By now, even your non-techy mom has probably heard of Big Data, with IBM and others advertising it on TV and every other IT vendor pushing their platform. If you don't know about big data, here is it is in a nutshell: as more and more devices are connected to the internet and storage capabilities continue to advance, we’re able to collect, store, and run analytics on massive sets of information in order to discover insights and make more informed decisions.
Some industries like research, oil and gas, manufacturing, and logistics, have been doing this for years, often on dedicated hardware. The advantages of virtualization can be levied for big data use, too, even though at its core, big data is focused on distribution of jobs over a wide array of resources, while virtualization as a concept is the exact opposite.
If you’re gearing up for a big data deployment, you can use VMware tools to stack it on top of virtual machines, allowing you to add resources easily when you need to run large analytics jobs and scale back when you don’t need as much processing power or want to delete old unused datasets from storage.

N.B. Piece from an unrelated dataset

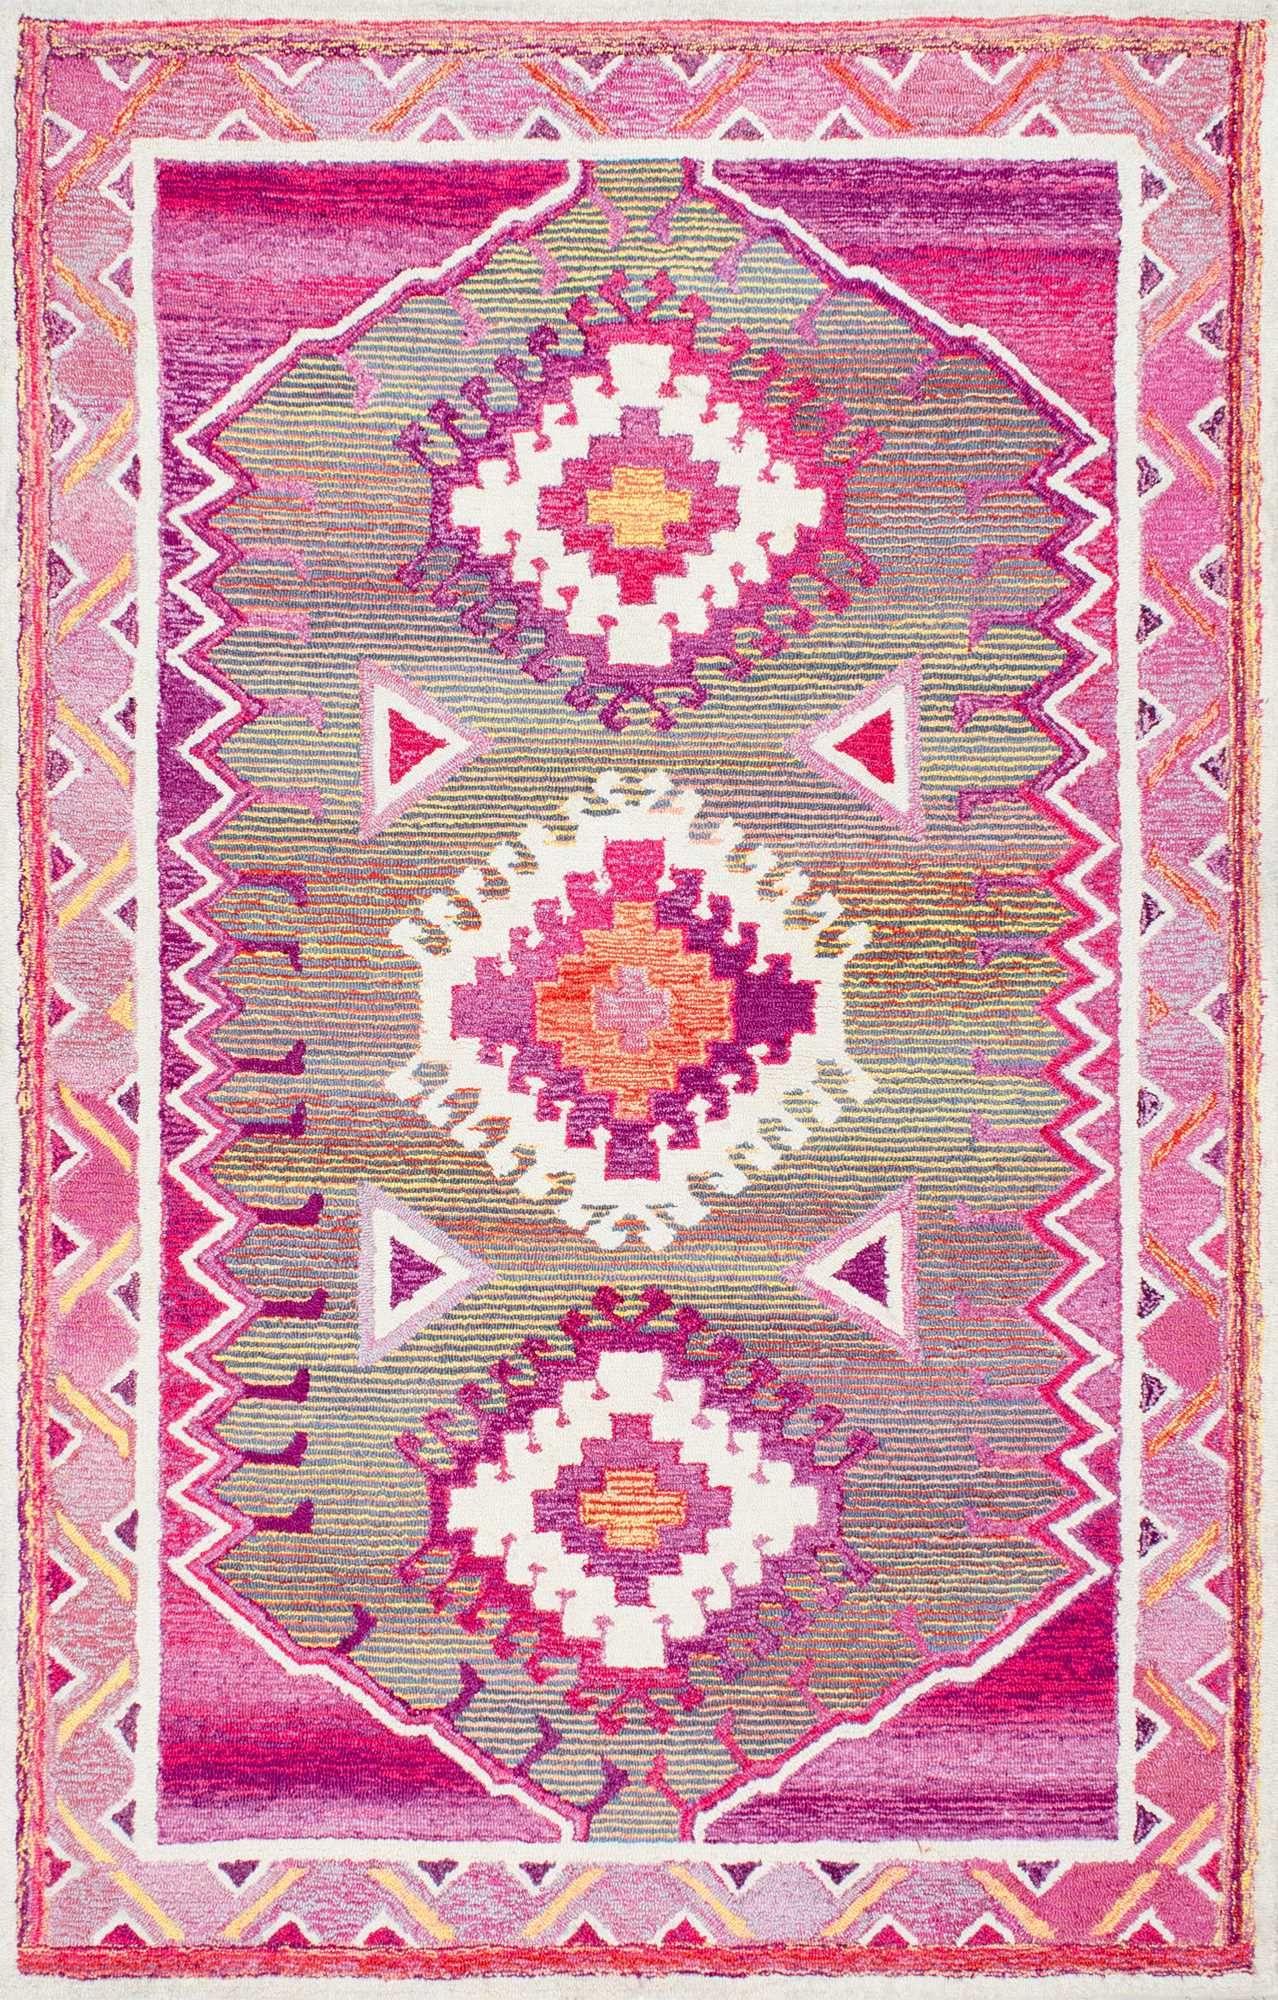 bavodamoroccan diamond pole rug | runners, style and shag rugs
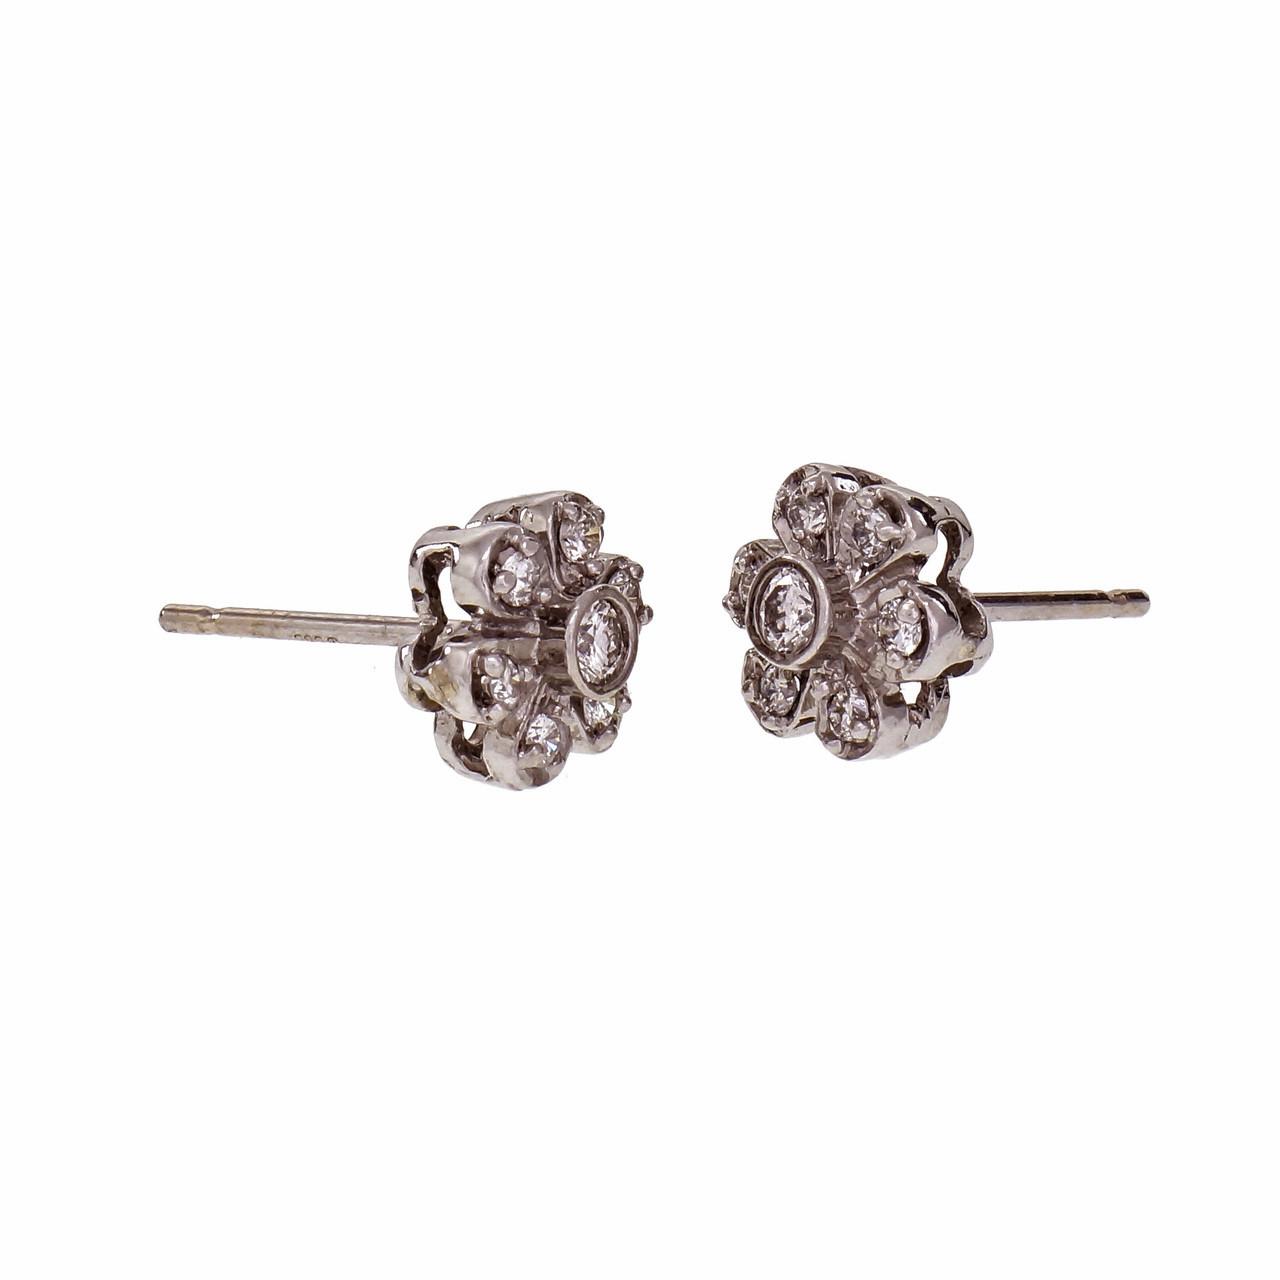 340fb6b1b Diamond Flower Cluster Stud Earrings 14k White Gold - petersuchyjewelers

This elasticity helps maximize your available compute resources and can be used in a mixed-workload environment. Plus, you can manage and automate your big data VMs from the same tools as your other infrastructure.
Here is quick primer on what to keep in mind with VMware big data platforms.
Big data hardware and storage must be able to scale with the rapid growth of information, handle enormous datasets, and provide the IOPS (speed) needed for analytics software. Direct Attached Storage (DAS) is often the best option to keep latencies low. Solid State Drives in each server means dedicated hardware is still common in the big data world, especially for near-instantaneous calculations like where to serve a custom web advertisement.
Virtualized big data is better when the need is not quite as urgent, as it will inherently add latency. A service provider should be able to provide scaling NAS as well as DAS options for virtualized hardware. However, some VMware features like vMotion can’t be used with DAS. Scale out Network Attached Storage (NAS) is acceptable storage architecture that can solve some issues like data protection and efficiency, with offerings from EMC and others.
The general recommendation for Hadoop is a Dual Quad core processor, 24-48 GB of memory, and 4-6 disks with 2 TB of storage each; the deployment generally requires several slave machines with at least this configuration and one master machine.
Born out of VMware’s Serengeti project, which was announced nearly three years ago to virtualize Hadoop on VMware, the Big Data Extensions (BDE) for vSphere support Hadoop 2 management from vCenter. It includes HDFS, MapReduce, Pig, hive, and Hbase. It requires at least vSphere 5.0 with an Enterprise or Enterprise Plus license. BDE runs on top of two VMs, one for management and one Hadoop template, to create, configure, and assign Master and Slave roles.
BDE also supports other Hadoop distributions besides Apache’s, like Cloudera, Pivotal, Hortonworks, and MapR. Unlike the open-source version of Serengeti, BDE enables runtime automation and elastic scaling.
BDE has shows time improvements of 13% when each Hadoop workload host is split into 2-4 virtual machines, bringing it up to par with a dedicated environment.
While it comes with its own considerations for compute, storage, and networking resources, and performance can still lag behind dedicated hardware, virtualizing Big Data platforms leads to even greater scalability; integration with existing cloud infrastructure; and elastic automated management with separate scaling and deployment of storage and compute.
Both in-house virtualized infrastructure and service provider clouds can support BDE for vSphere, making it a great way to dip your toes into big data—or even manage a large scale implementation using the tools you already have. This simplifies operations and can also enable a self-service portal for data scientists and other analysts to access big data platforms without needed infrastructure expertise.